Même s’il n’y a actuellement aucuns frais pour le dépôt d’une DA, le ministre de la Sécurité publique et de la Protection civile peut, à sa discrétion, exiger que la personne ayant déposé la DA fournisse une certaine garantie en la forme d’un cautionnement couvrant tous les frais pouvant être associés à l’entreposage, la manutention et le cas échéant, la destruction des produits retenus.

Les détails précis concernant les coûts d’entreposage, de manutention et de destruction n’ont pas encore été publiés, cependant il seront probablement déterminés au cas par cas, en fonction de la nature et de la quantité des produits, et de leur point d’entrée au Canada. Les coûts en question risquent d’être tout de même considérables. Par exemple, les coûts d’entreposage d’un conteneur d'expédition dans un port ou dans un entrepôt de stockage canadien peuvent atteindre 300 $ (CAN) par jour. Les coûts de manutention (advenant qu’il soit nécessaire de déplacer les produits) peuvent s’élever jusqu’à environ 700 $ (CAN), alors que les coûts liés à la destruction de produits retenus peuvent se chiffrer à environ 1 700 $ par événement. On prévoit qu’à mesure que le régime se précise, l’ASFC fournira davantage de directives et de clarifications sur les coûts potentiels associés à la rétention de produits.

Avant d’intenter une procédure judiciaire, le détenteur de droits doit être certain que les produits visés sont bel et bien contrefaits, car en cas de rejet ou d’abandon de la procédure, un tribunal peut obliger le détenteur de droits à indemniser le propriétaire/importateur des produits pour tout dommage subi en raison de la rétention de ces derniers. À ce sujet, les titulaires de droits doivent garder en tête que les interdictions d’importation ne s’appliquent pas aux importations parallèles, aux marchandises en transit au Canada, ni aux produits importés par un particulier à des fins d’utilisation personnelle. Par conséquent, il n’y a pas lieu d’engager une procédure en lien avec des biens ayant été fabriqués à l’extérieur du Canada avec le consentement du détenteur de droits.  

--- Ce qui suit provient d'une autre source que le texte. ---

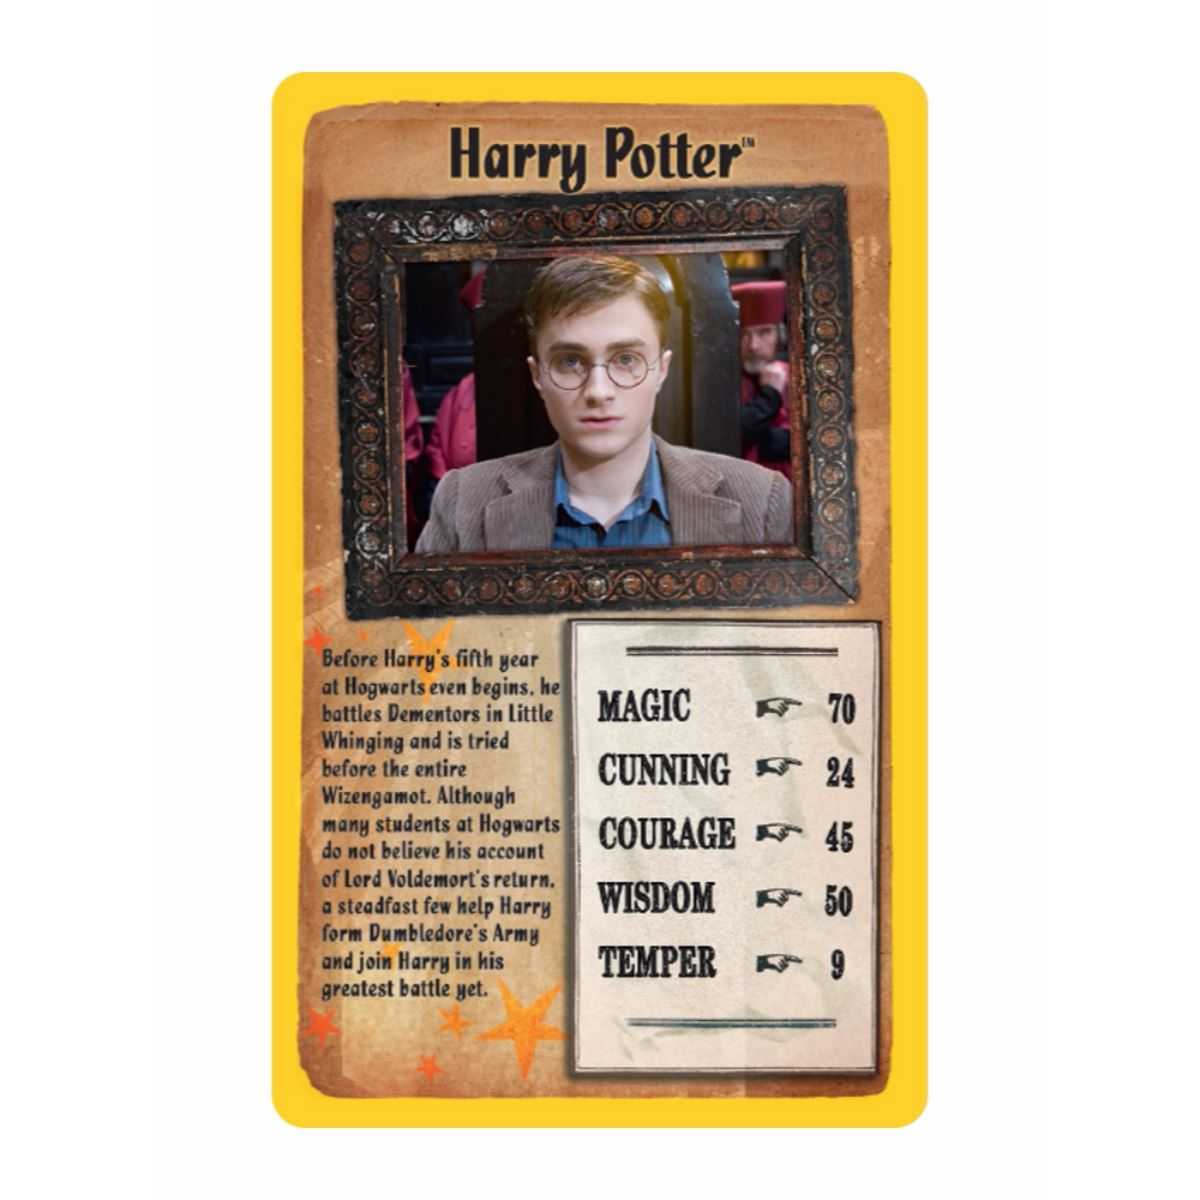 Top Trumps Card Intended For Top Trump Card Template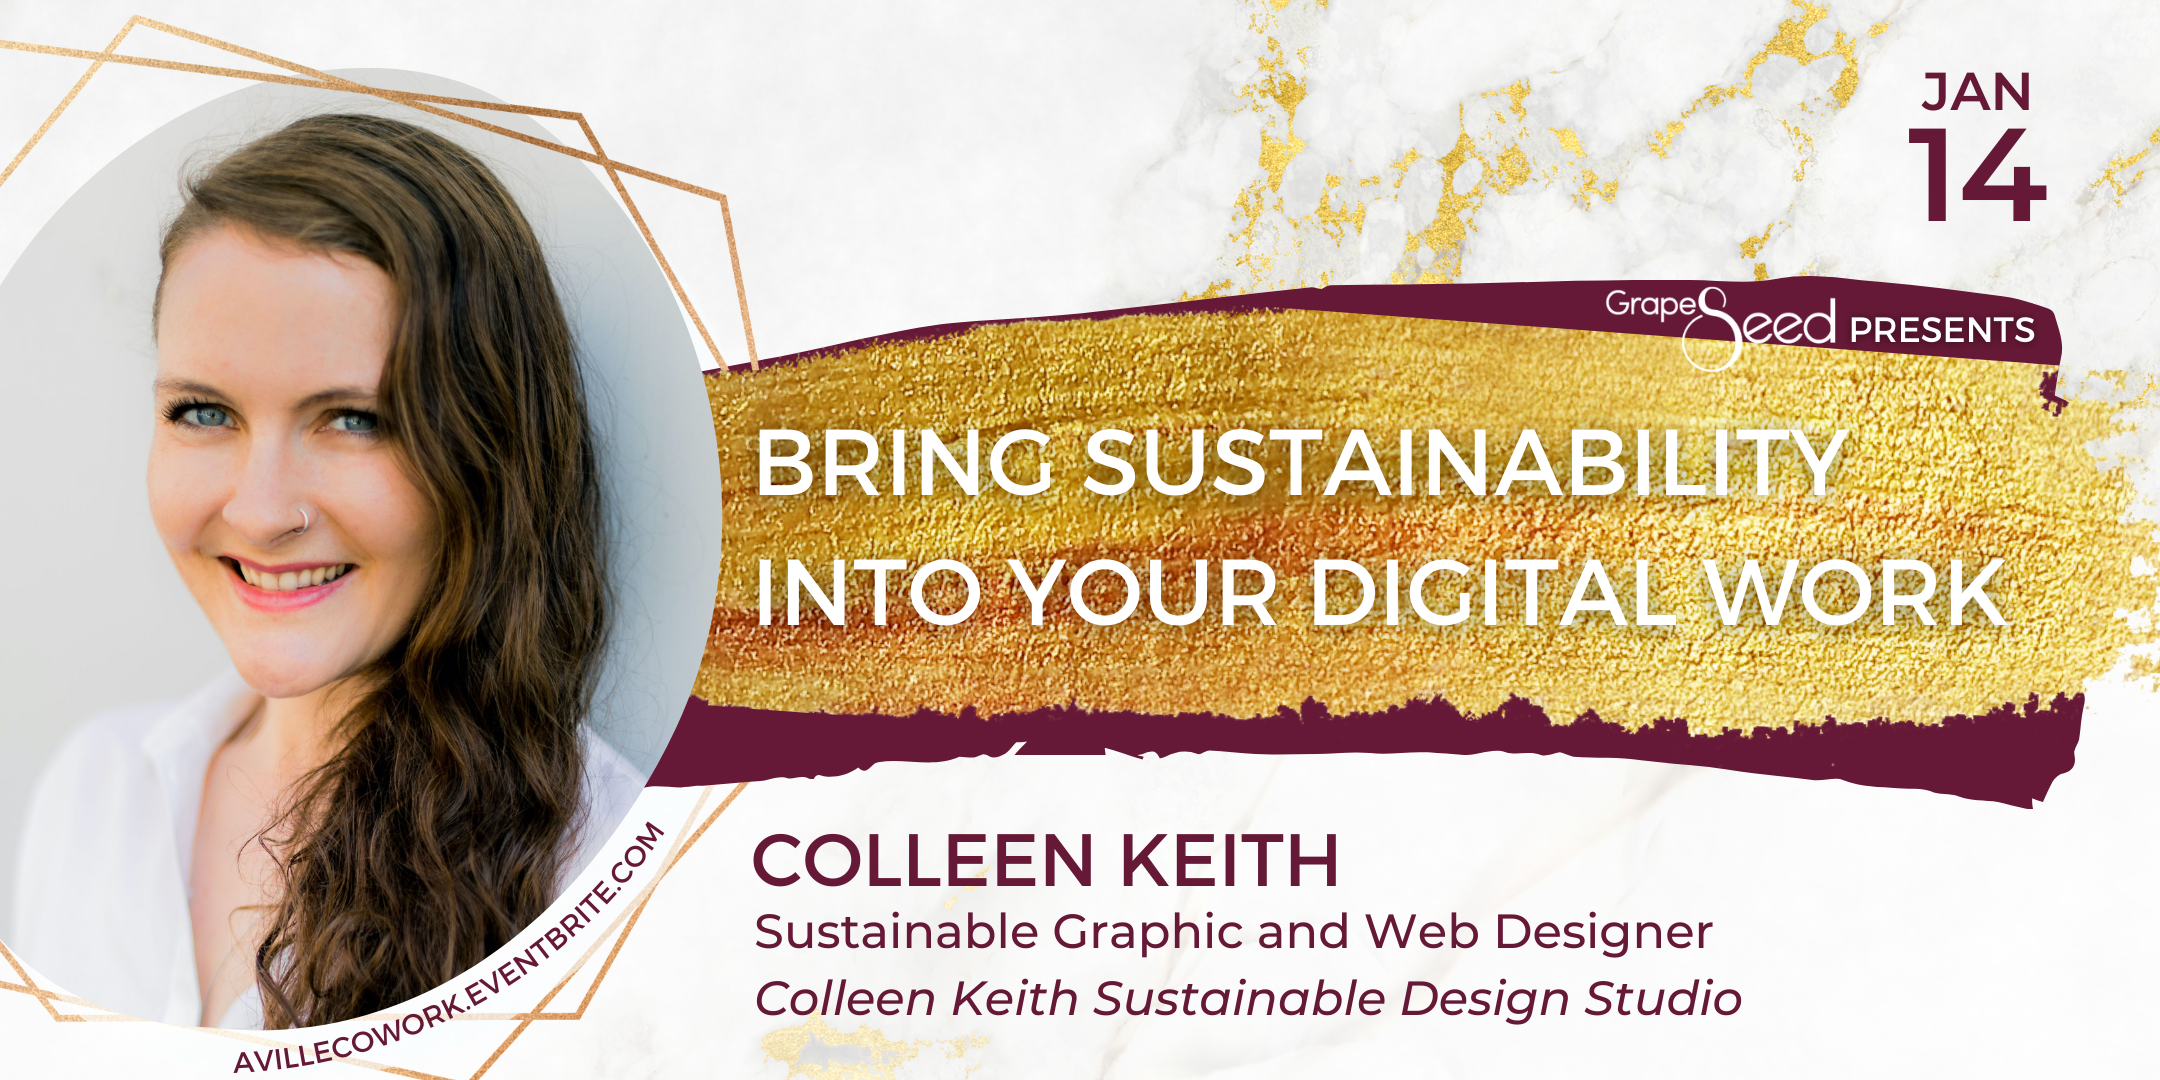 Lunch & Learn banner — Bring Sustainability to Your Digital Work with Colleen Keith on January 14.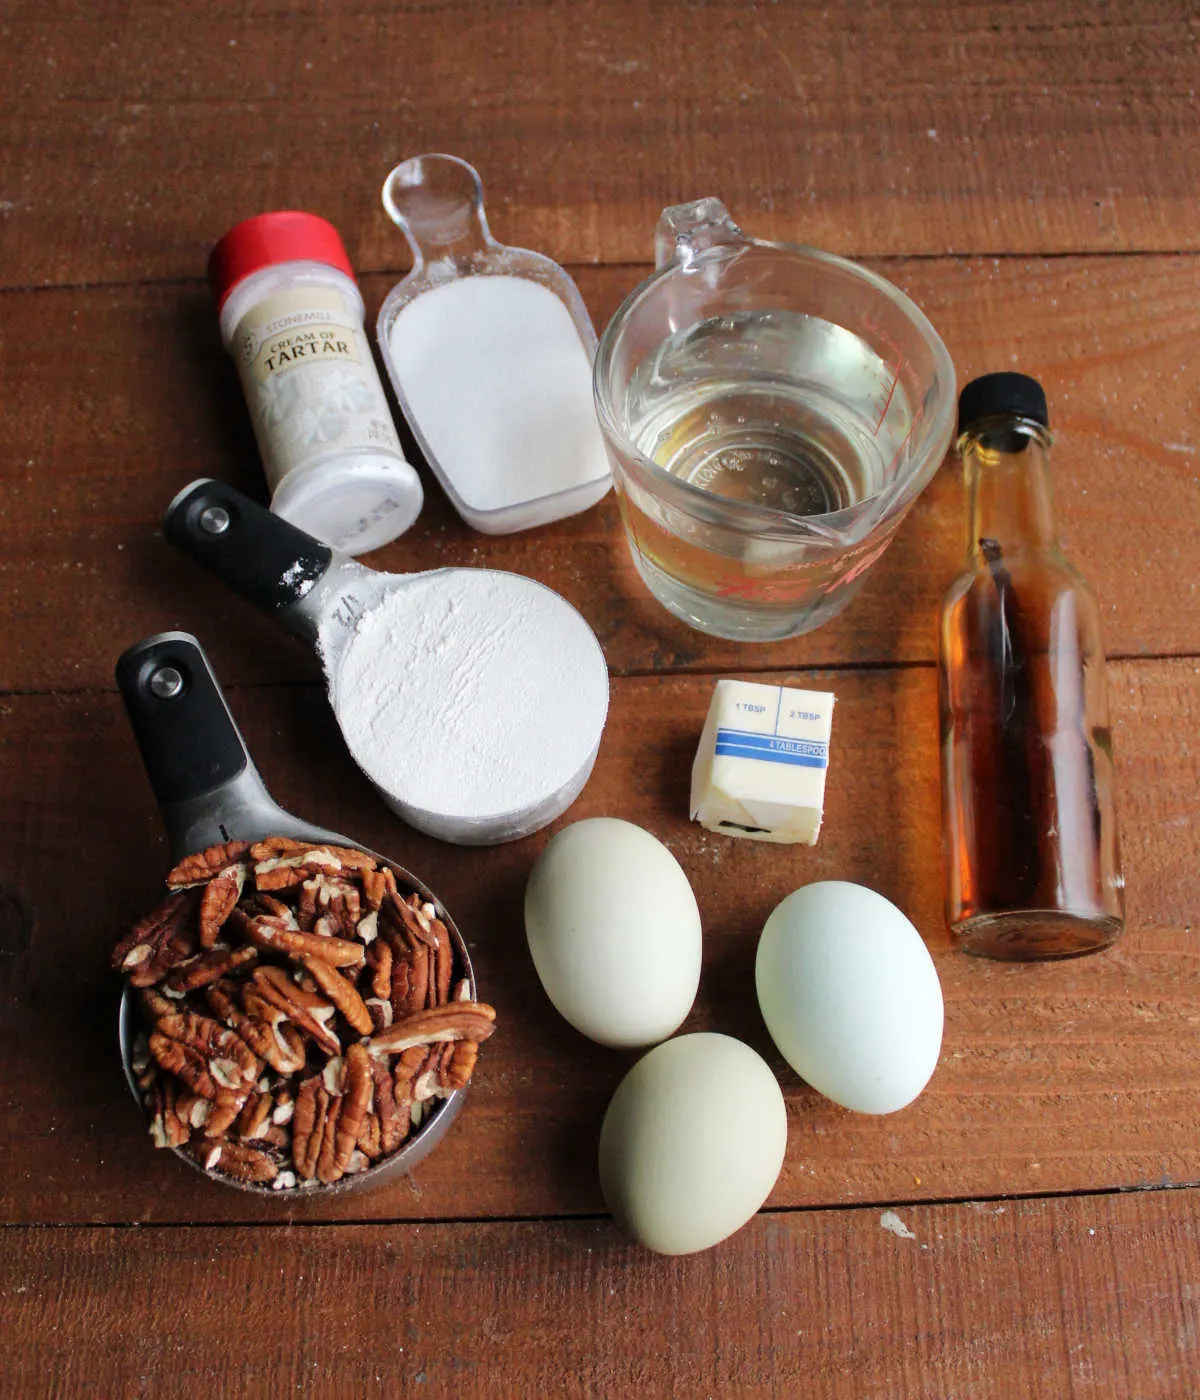 Ingredients including pecan, flour, eggs, sugar, corn syrup, butter, cream of tartar, and vanilla ready to be made into pecan pudding cake.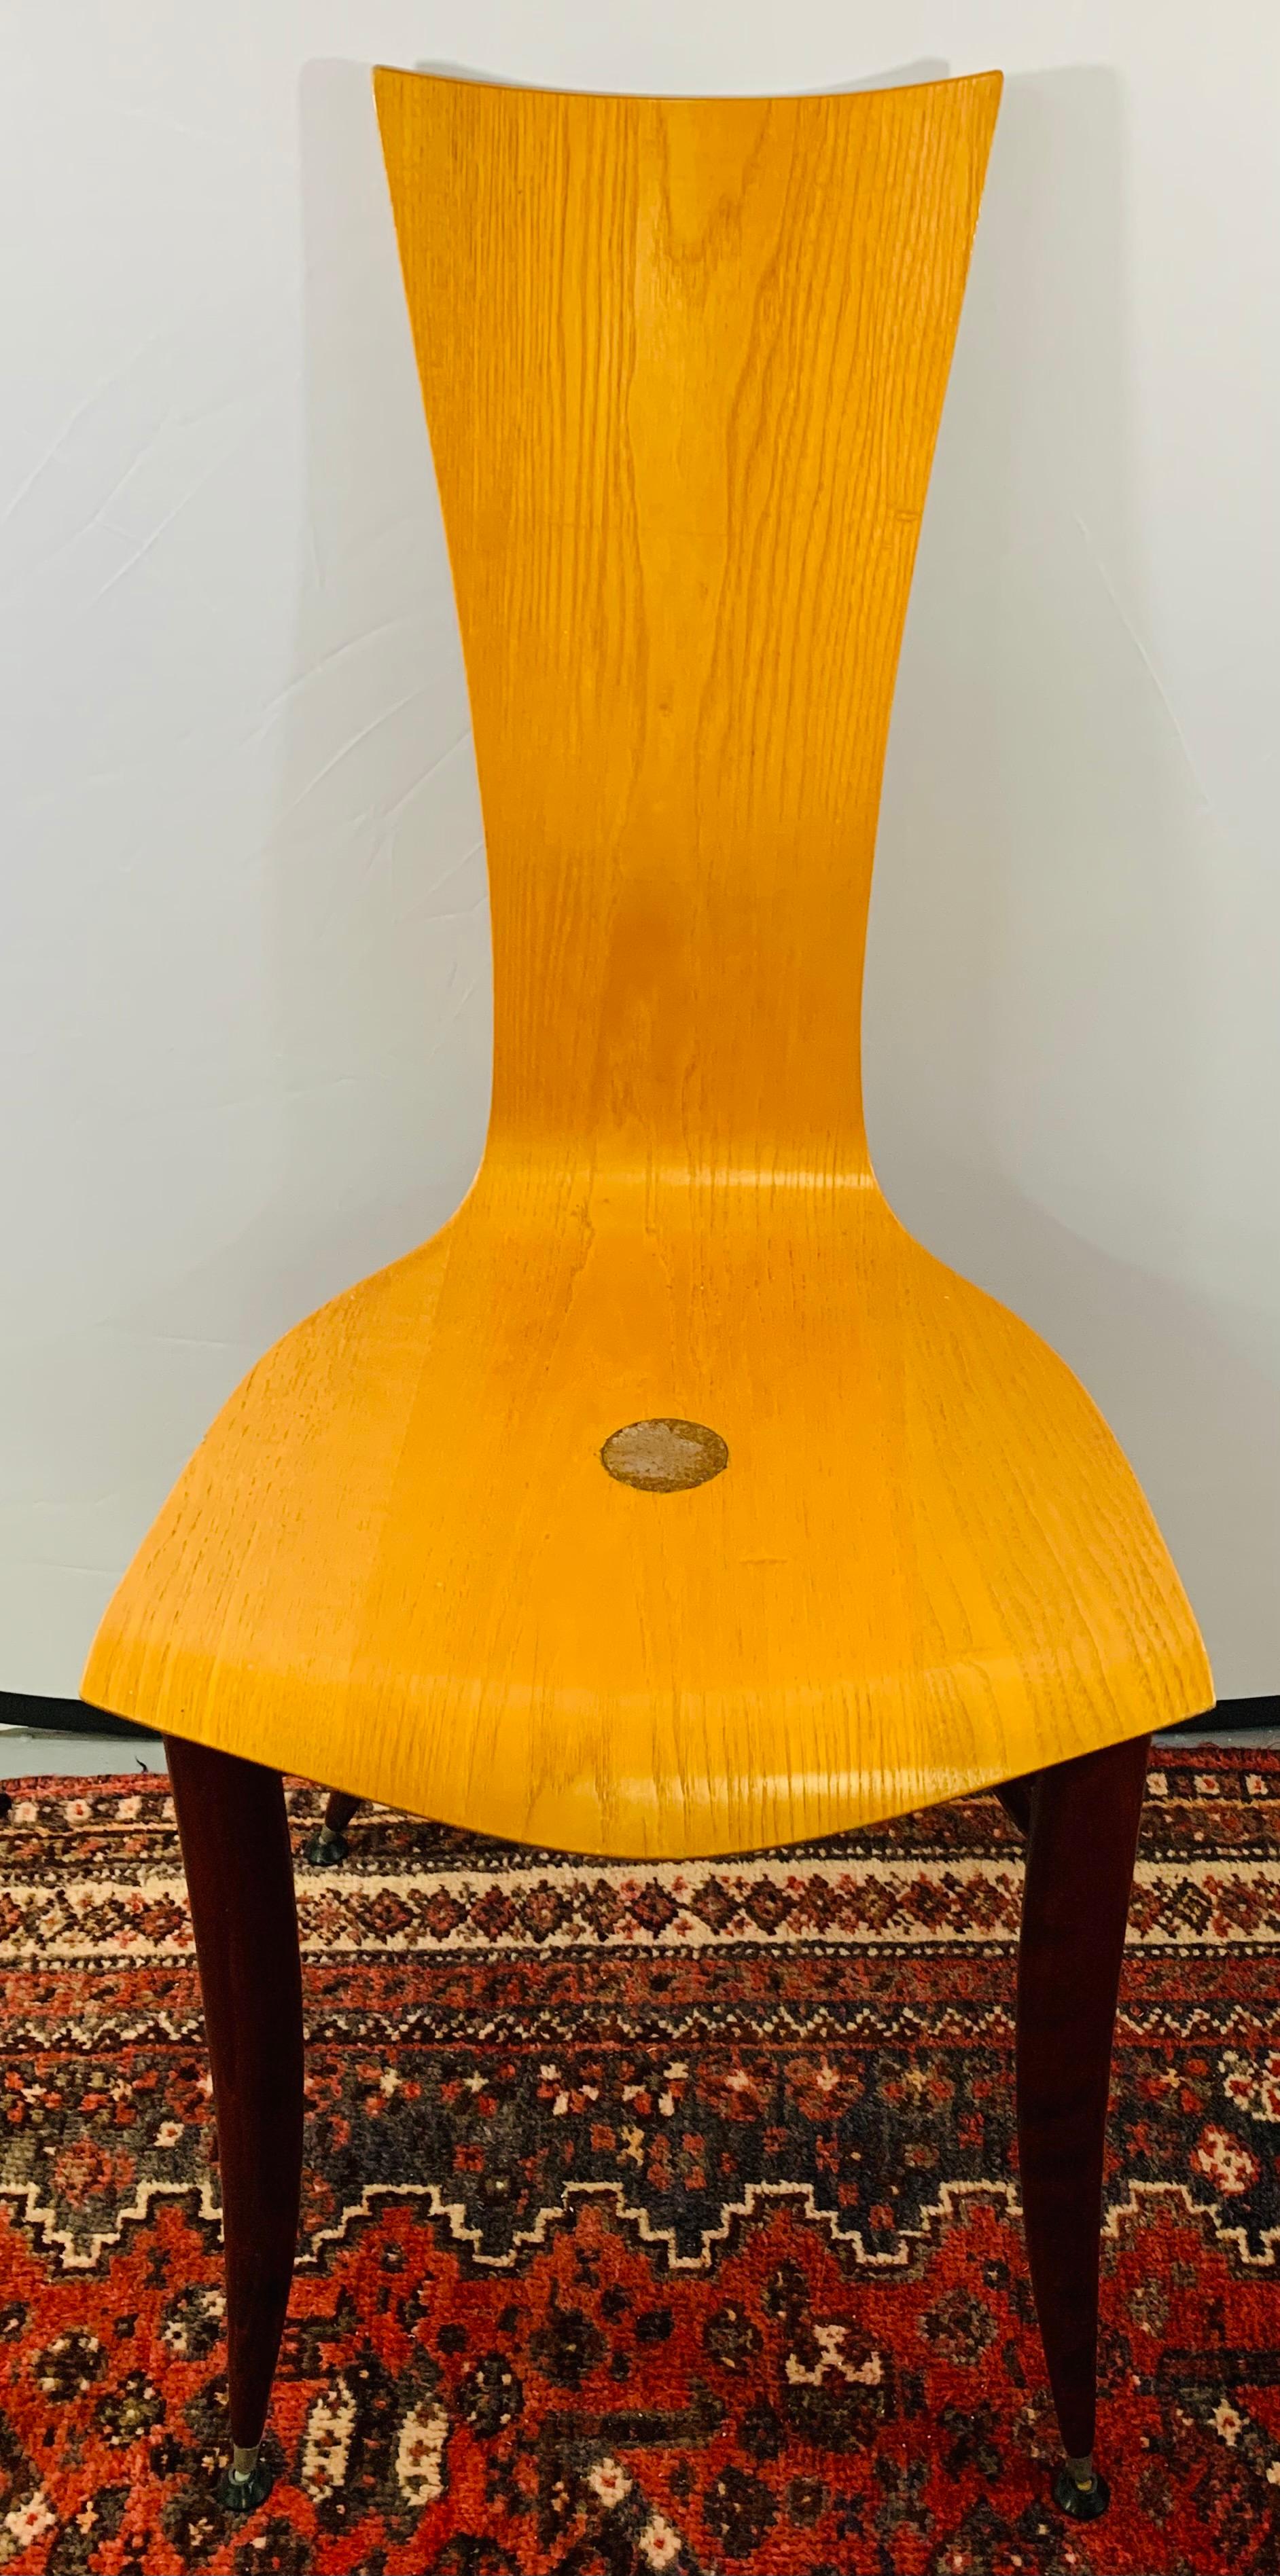 A stylish pair of Mid-Century Modern wooden chairs in the manner of the Italian designer Umberto Mascagni. The legs are finely painted in cherrywood color and are beautifully carved. The wood is in good condition with some minor fading as shown on

Même si l’ASFC accepte dorénavant le dépôt de DA conformes, il reste à voir dans quelle mesure l’ASFC interviendra lors des contrôles frontaliers en réponse à de telles demandes. Cela dit, malgré certains points d’incertitude, le nouveau régime frontalier entourant les demandes d’aide constitue un outil important pour les titulaires de droits en ce qui a trait à la lutte contre la contrefaçon au Canada. Ce régime permettra potentiellement d’intercepter les produits contrefaits avant qu’ils ne soient distribués sur le marché. Il s’agit en outre d’une amélioration considérable par rapport à la situation qui existait antérieurement au Canada, puisque la capacité des titulaires de droits à empêcher les produits contrefaits à entrer au pays ou à les intercepter était très limitée. 

Pour conclure, les droits d’auteur non enregistrés peuvent être enregistrés dans le cadre d’une DA. Cependant, il est recommandé de faire enregistrer ces droits au Canada afin de pouvoir fournir à l’ASFC le plus de renseignements concrets que possible. Pour les titulaires de droits, la mise en œuvre du nouveau régime constitue également une occasion de passer en revue leurs portefeuilles de marques de commerce canadiennes afin de s’assurer que les droits enregistrés dont ils bénéficient au Canada leur permettent de profiter pleinement des nouvelles dispositions.